I confirmed the second test reproduces the exact onConnectionLifecycleEvent off dispatcher assert at mcp_server.cc:804 against the pre-fix mcp_server.cc; under the fix both tests pass.
Drop the leak workaround in the initialize-routing test — the earlier integration test deliberately release()d the server because shutdown couldn't clean up connections. With the drain fix it can, so the workaround goes away. As a side benefit the 500 ms drain sleep also disappears, cutting the test's wall time from ~650 ms to ~140 ms.

Test plan

ctest -R \"[Mm]cp|[Ss]erver|[Ss]se|[Hh]ttp\" — 38/38 pass
New lifecycle test passes 5× in a row (~270 ms each)
Reverted the fix locally and re-ran the new lifecycle test — reproduces the pre-fix line 804 assert, confirming the test is actually guarding the contract

#218) shutdown() previously flipped server_running_ = false on the caller thread and then posted a cleanup task that disabled listeners and cleared the connection-manager list -- but never cleared active_connections_ or lifecycle_callbacks_. Those survived into ~McpServer, whose destruction runs on whichever thread owns the server (typically the test thread or the app-main thread). Each ConnectionImpl destructor fires closeSocket(LocalClose), which forwards through the per-connection ConnectionLifecycleCallbacks adapter into McpServer::onConnectionLifecycleEvent -- which asserts it is running on the main dispatcher thread. The process then crashes at teardown even when the body of work completed cleanly. Fix: drain active_connections_ and lifecycle_callbacks_ inside the cleanup post, so each destruction fires on the dispatcher thread. Two details that make this safe: - server_running_ is already false by the time the post runs, so the container-unwind branch inside onConnectionLifecycleEvent is skipped. Otherwise each synchronous LocalClose would try to erase its own element from the vector we are actively clearing, invalidating iterators and possibly dropping adapters that are mid-callback. - Connections are cleared before their lifecycle adapters. The connection's callback list still references the adapter during the last closeSocket in ~ConnectionImpl; destroying the adapter first would be a use-after-free on that last callback.

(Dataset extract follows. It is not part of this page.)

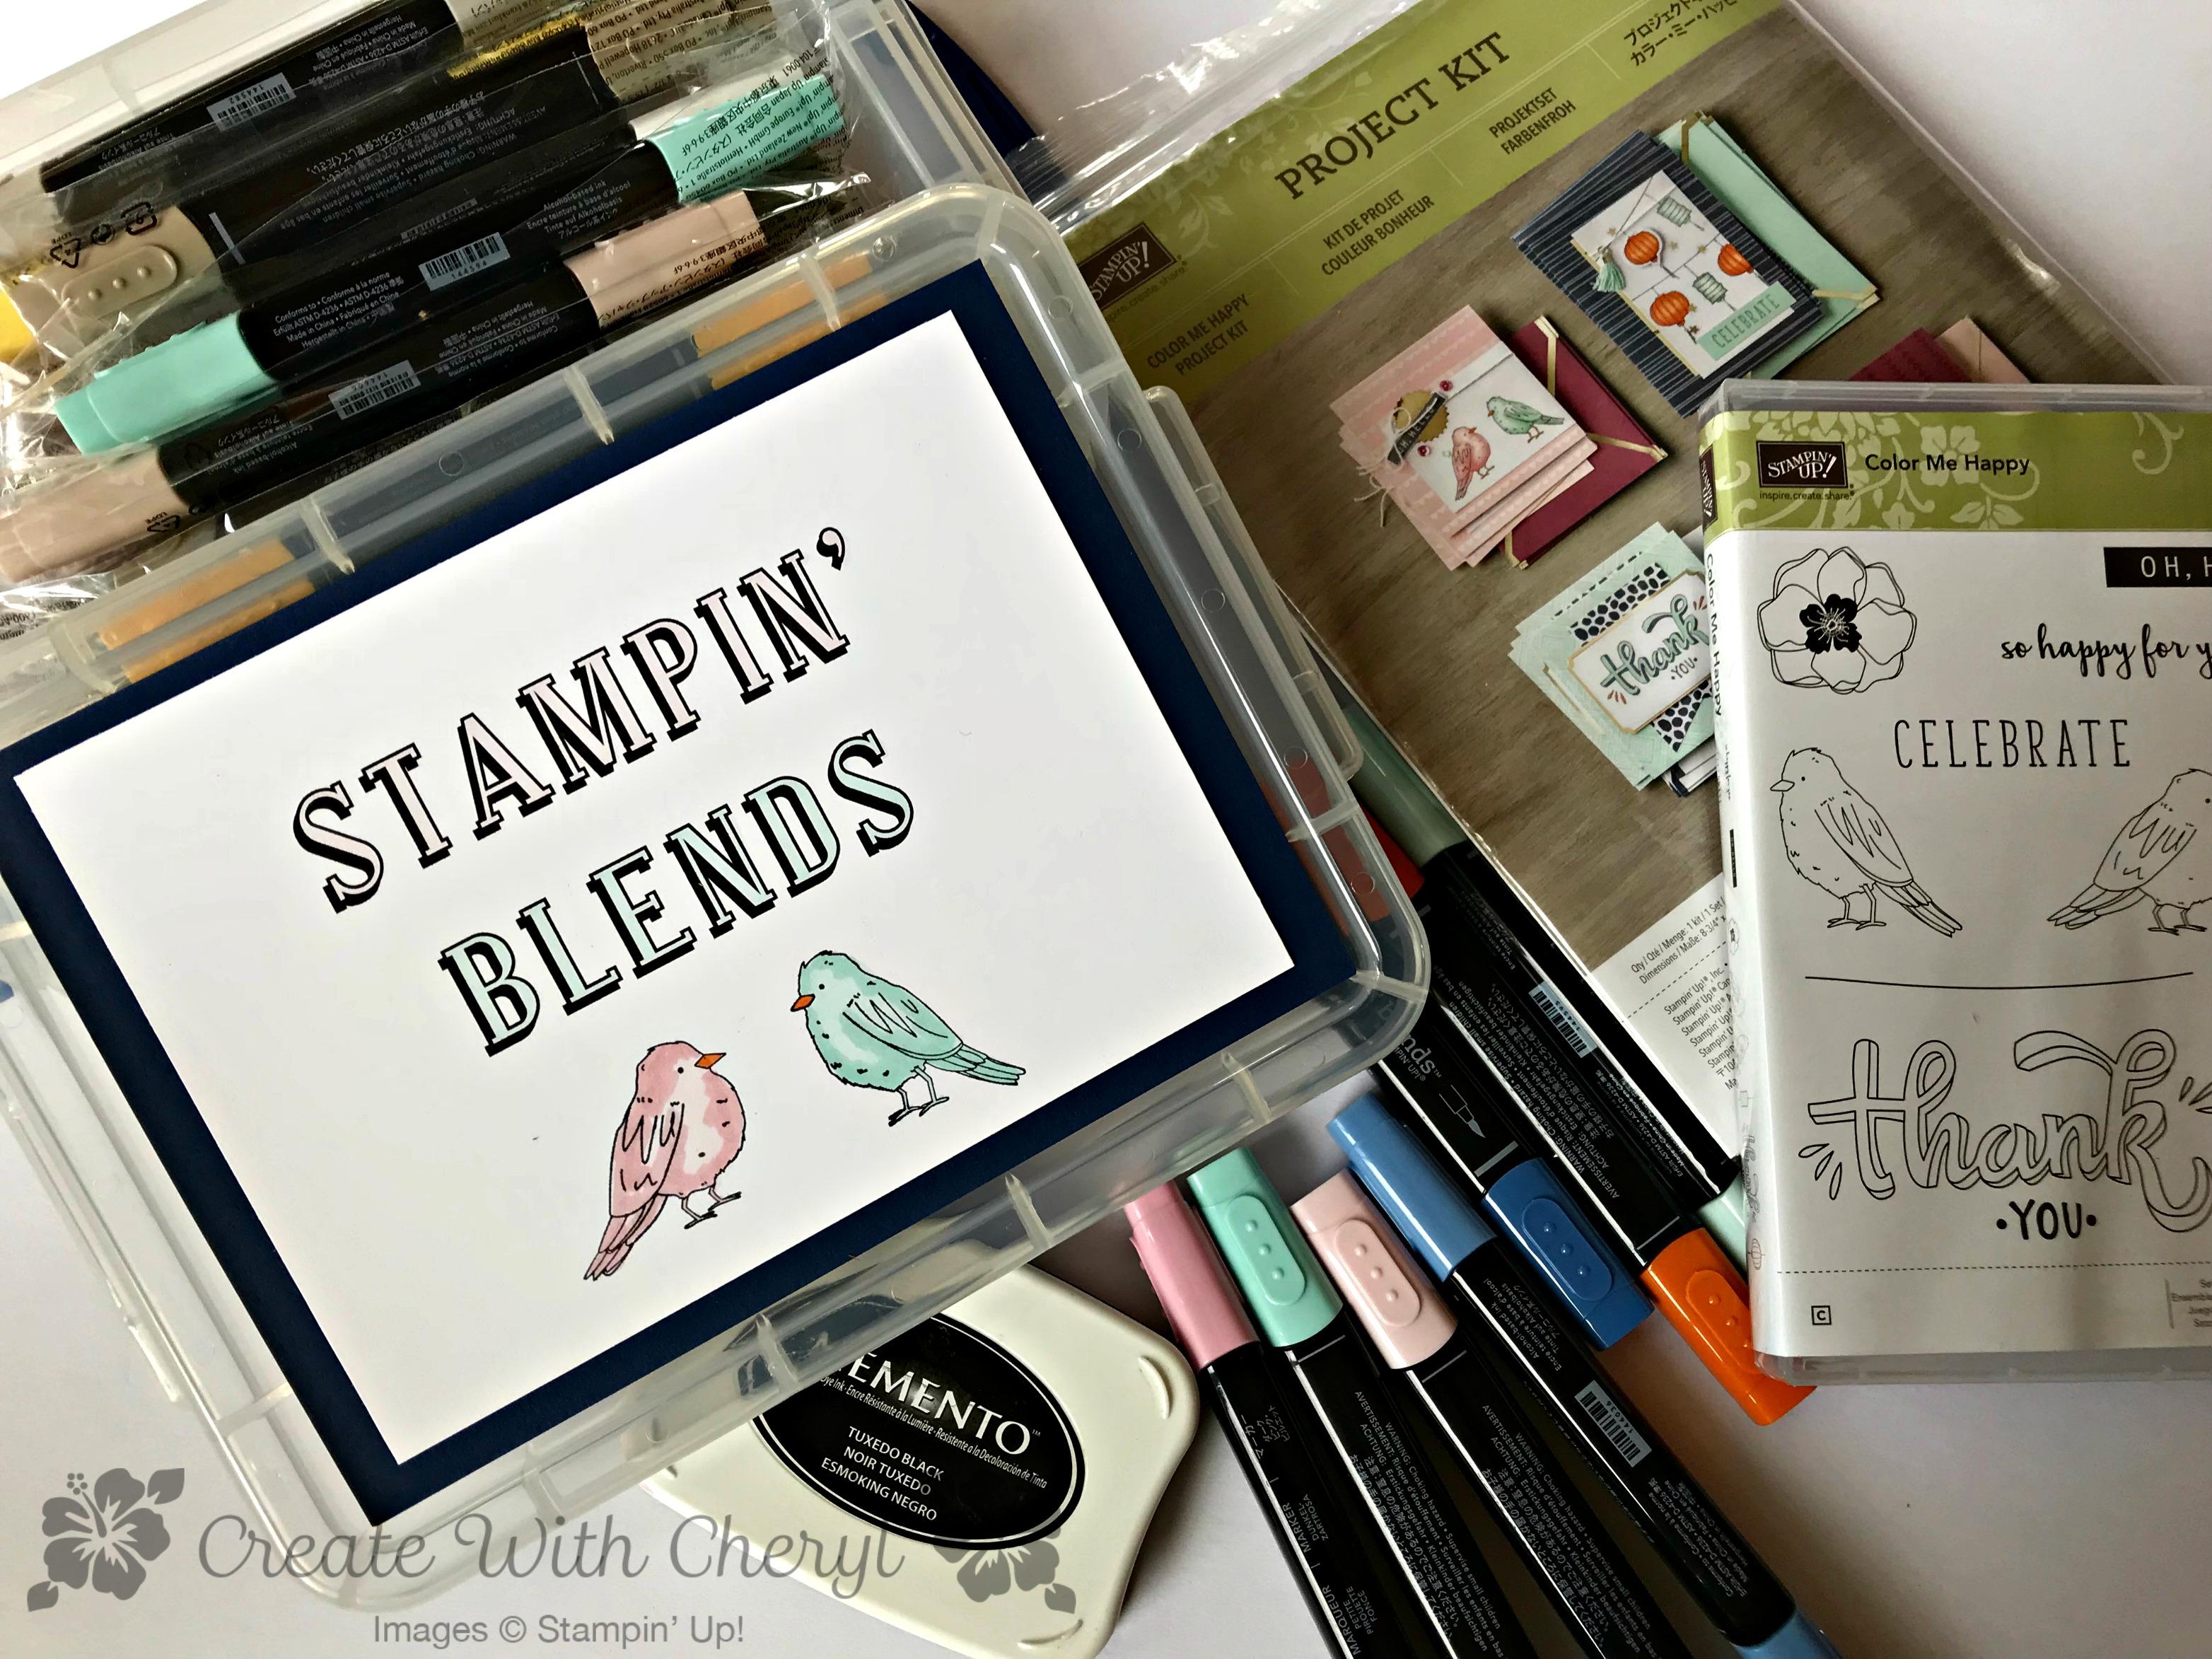 Stampin' Blends Club
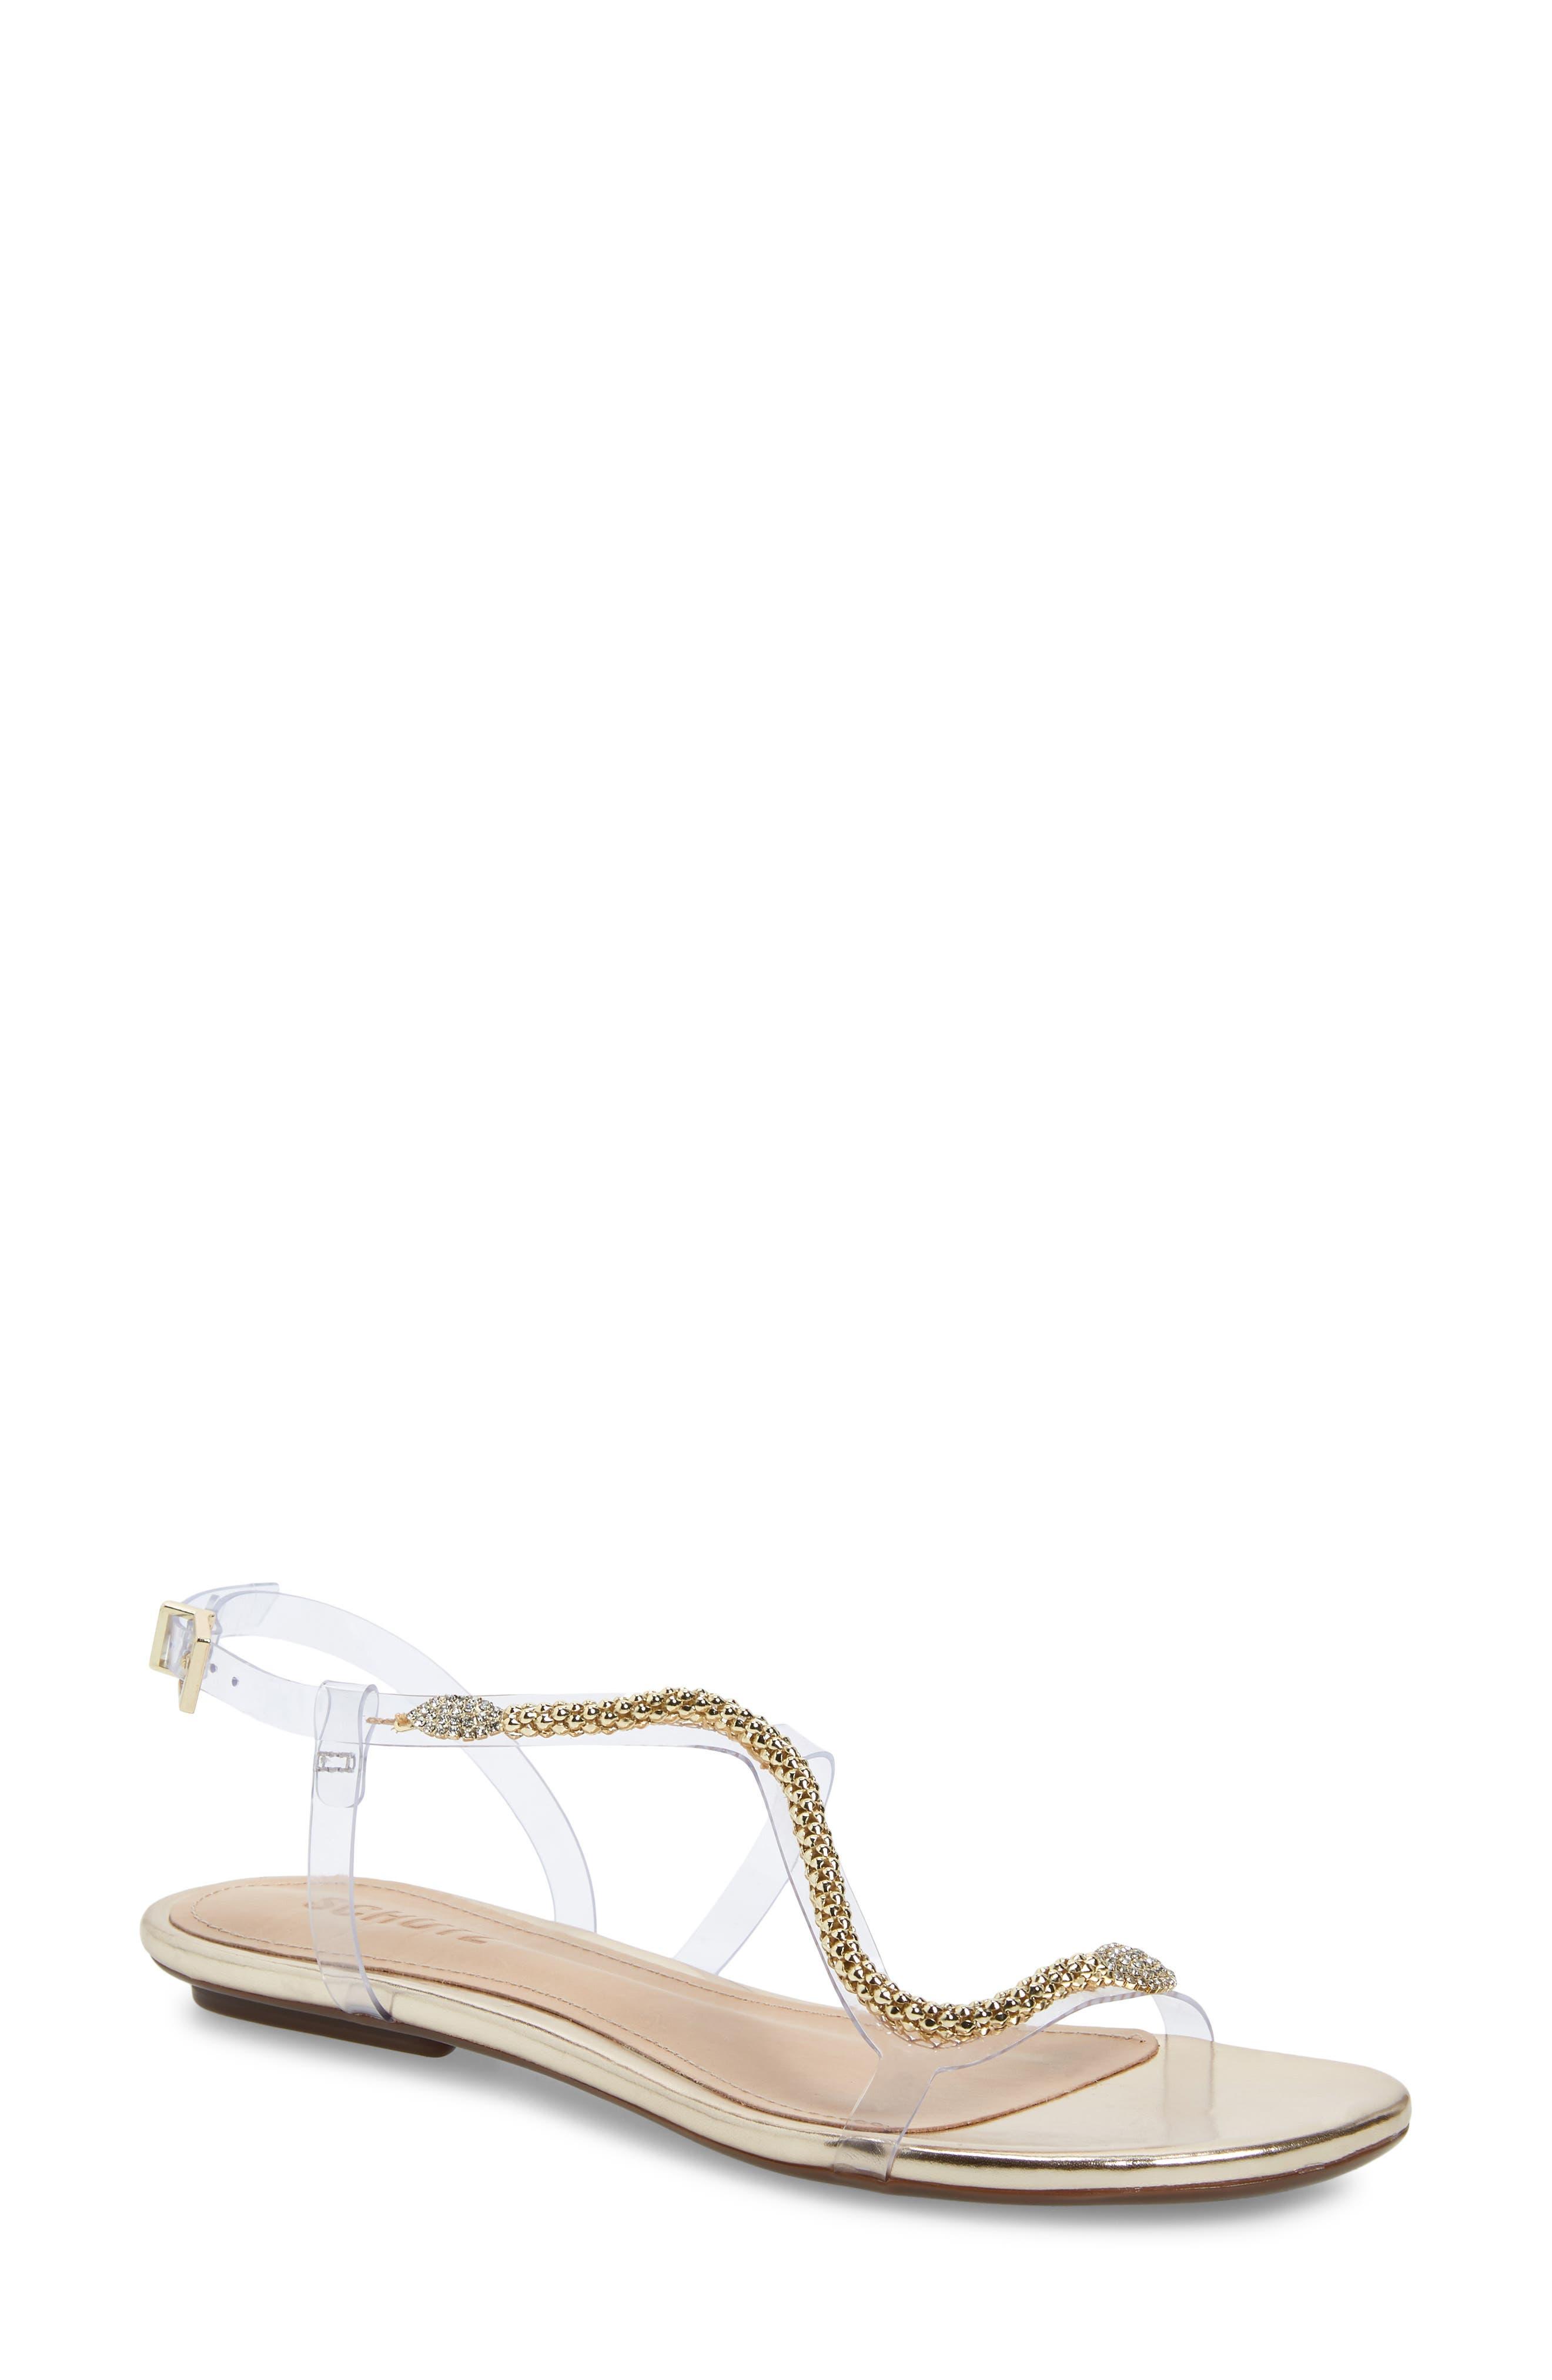 Schutz Gabbyl Embellished Sandal, Beige

Two real-IO integration tests against a loopback McpServer. RepeatedConnectCloseCyclesStayStable drives three sequential connect/close cycles against the listener. Each cycle relies on the per-connection ConnectionLifecycleCallbacks adapter firing RemoteClose on the dispatcher thread and erasing its entry from active_connections_ and lifecycle_callbacks_ via the deferred-delete queue. A fourth connect after the three cycles confirms the listener is still accepting. ShutdownClosesLiveConnections is the sharp one. It holds a client TCP connection open, calls McpServer::shutdown(), and asserts two observable consequences of the drain path: - The client's socket reads EOF. Only the dispatcher-thread drain of active_connections_ could have closed the server-side fd during shutdown; without the drain, the server fd would survive until ~McpServer and the client wouldn't see FIN until much later. - server_.reset() returns normally. Pre-drain, destroying the server with a live connection in active_connections_ fired ~ConnectionImpl -> closeSocket(LocalClose) on the test thread, which hit the "onConnectionLifecycleEvent off dispatcher" assert inside the adapter and crashed the process at teardown. Running this test against the pre-fix revision of mcp_server.cc reproduces the abort on the very first test; under the fix both tests pass. A raw TCP client is used instead of a full McpClient because the lifecycle adapter only observes transport-level ConnectionEvent values, and keeping the client dumb isolates the test to the server-side callback-routing and drain behavior.

The earlier revision of this test ended TearDown with server_.release() because the McpServer teardown bug -- active_connections_ surviving into ~McpServer on the caller thread -- would trip the dispatcher-thread assert inside onConnectionLifecycleEvent whenever a connection was still live at shutdown. The companion drain fix earlier in this branch clears active_connections_ and lifecycle_callbacks_ on the dispatcher thread inside the shutdown post, so by the time server_.reset() runs on the test thread the containers are empty and ~McpServer is a straightforward destruction. As a side effect, teardown no longer needs the 500ms safety-margin drain sleep either; the test completes in roughly a quarter of the earlier wall time.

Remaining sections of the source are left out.